Goal of the exercise
From the data below, repeat everything exactly except the images.

Source data
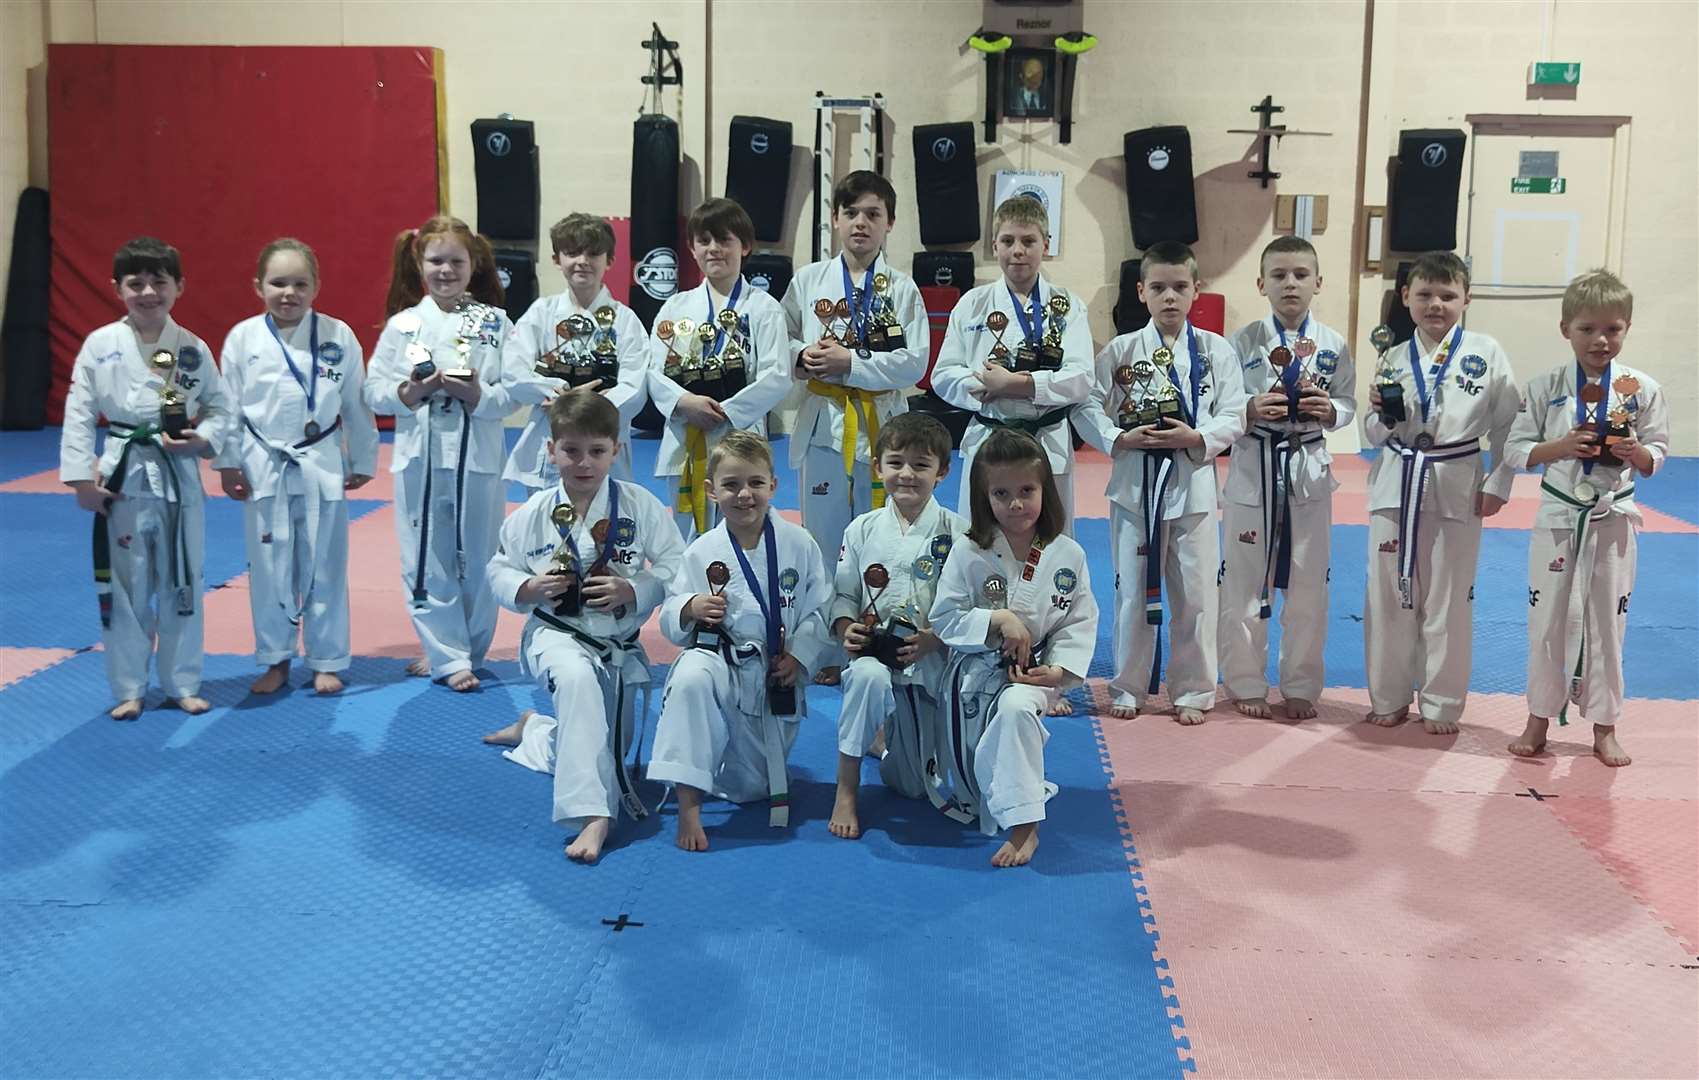 Dunbar Blackbelt in Forres collected numerous medals at the competition in Nairn.
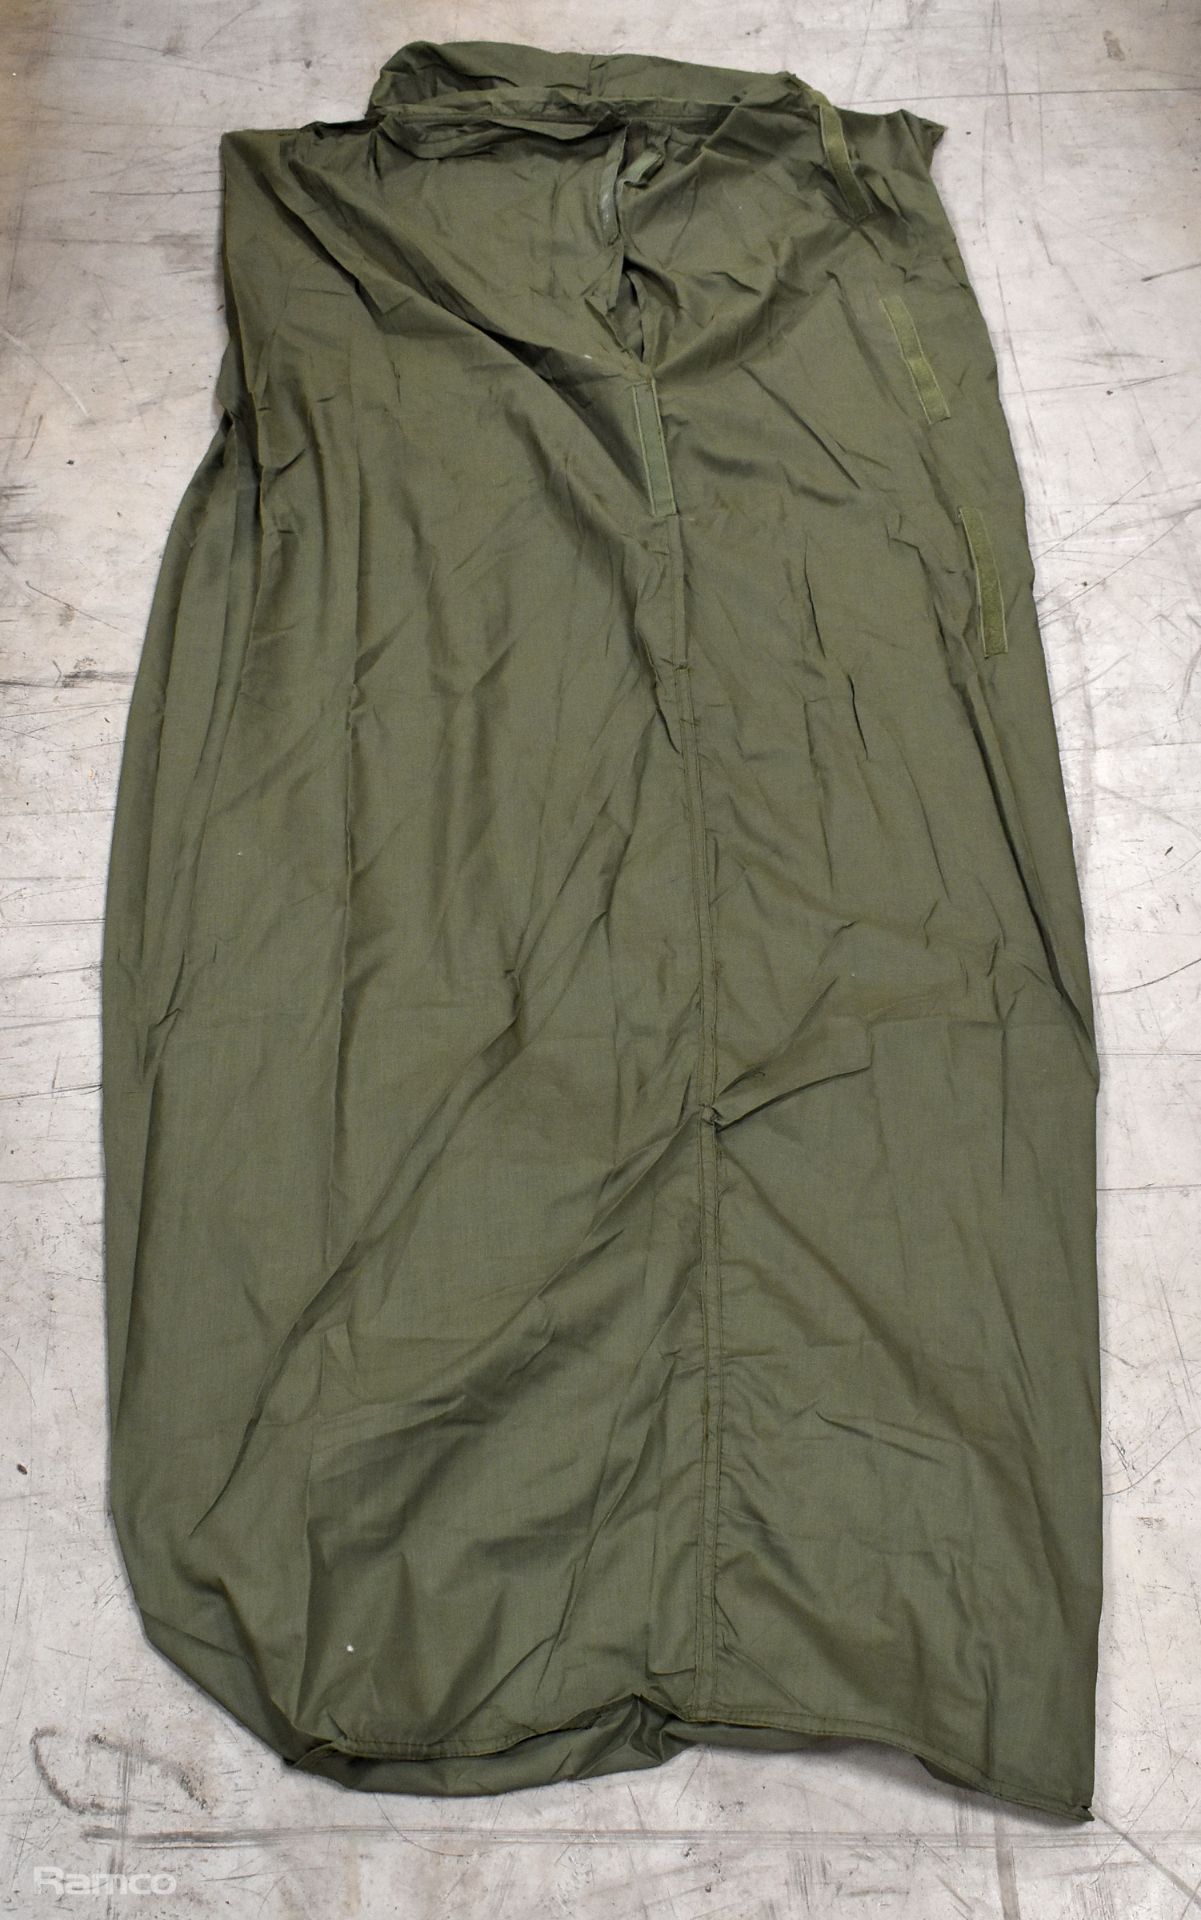 36x British Army sleeping bag light weight liners - large - Olive - mixed grades
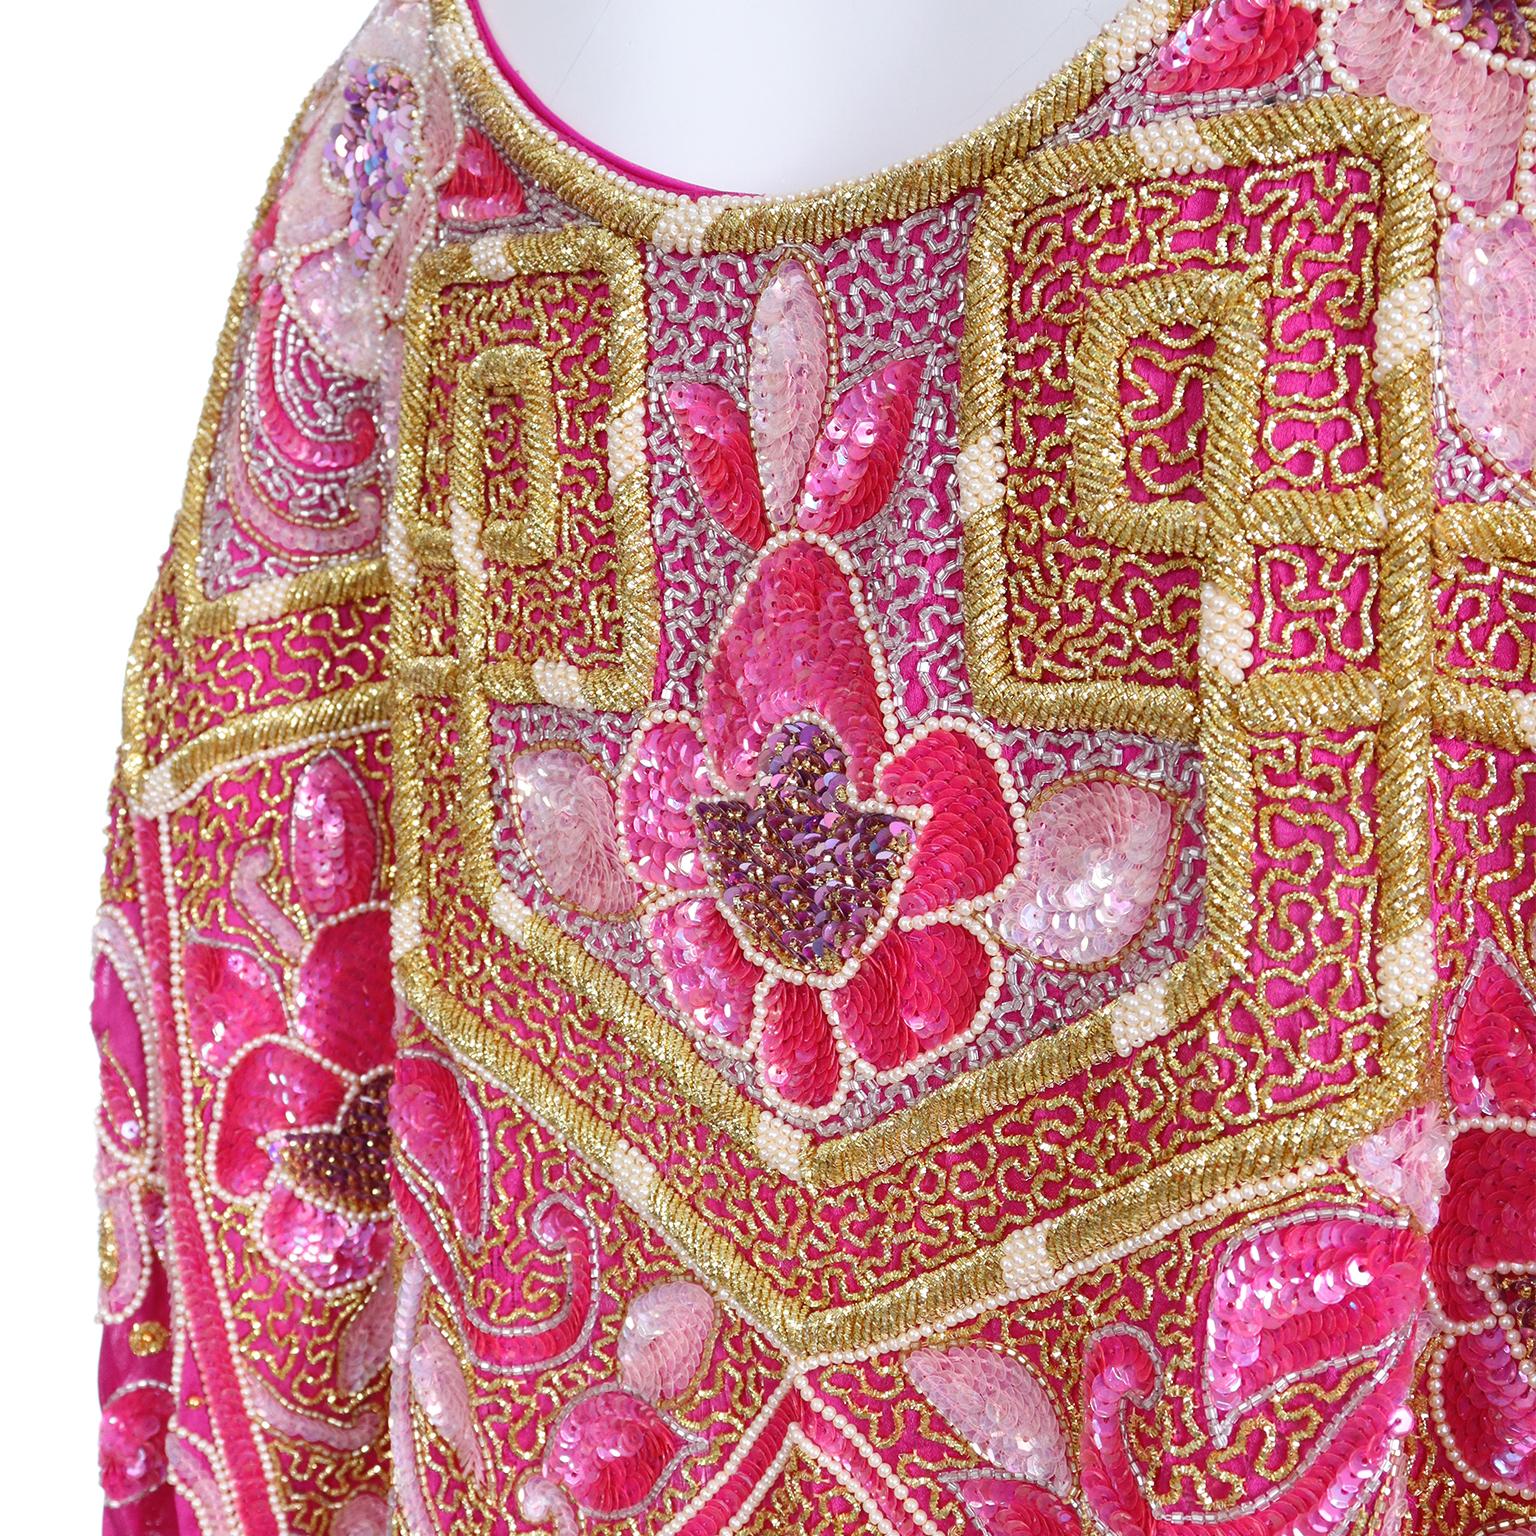 Vintage Floral Hot Pink Caftan Dress With Raised Gold Metallic Beading & Sequins 2

Response below
 Dunbar Blackbelt in Forres collected numerous medals at the competition in Nairn.
 36x British Army sleeping bag light weight liners - large - Olive - mixed grades
 Vintage Floral Hot Pink Caftan Dress With Raised Gold Metallic Beading & Sequins 2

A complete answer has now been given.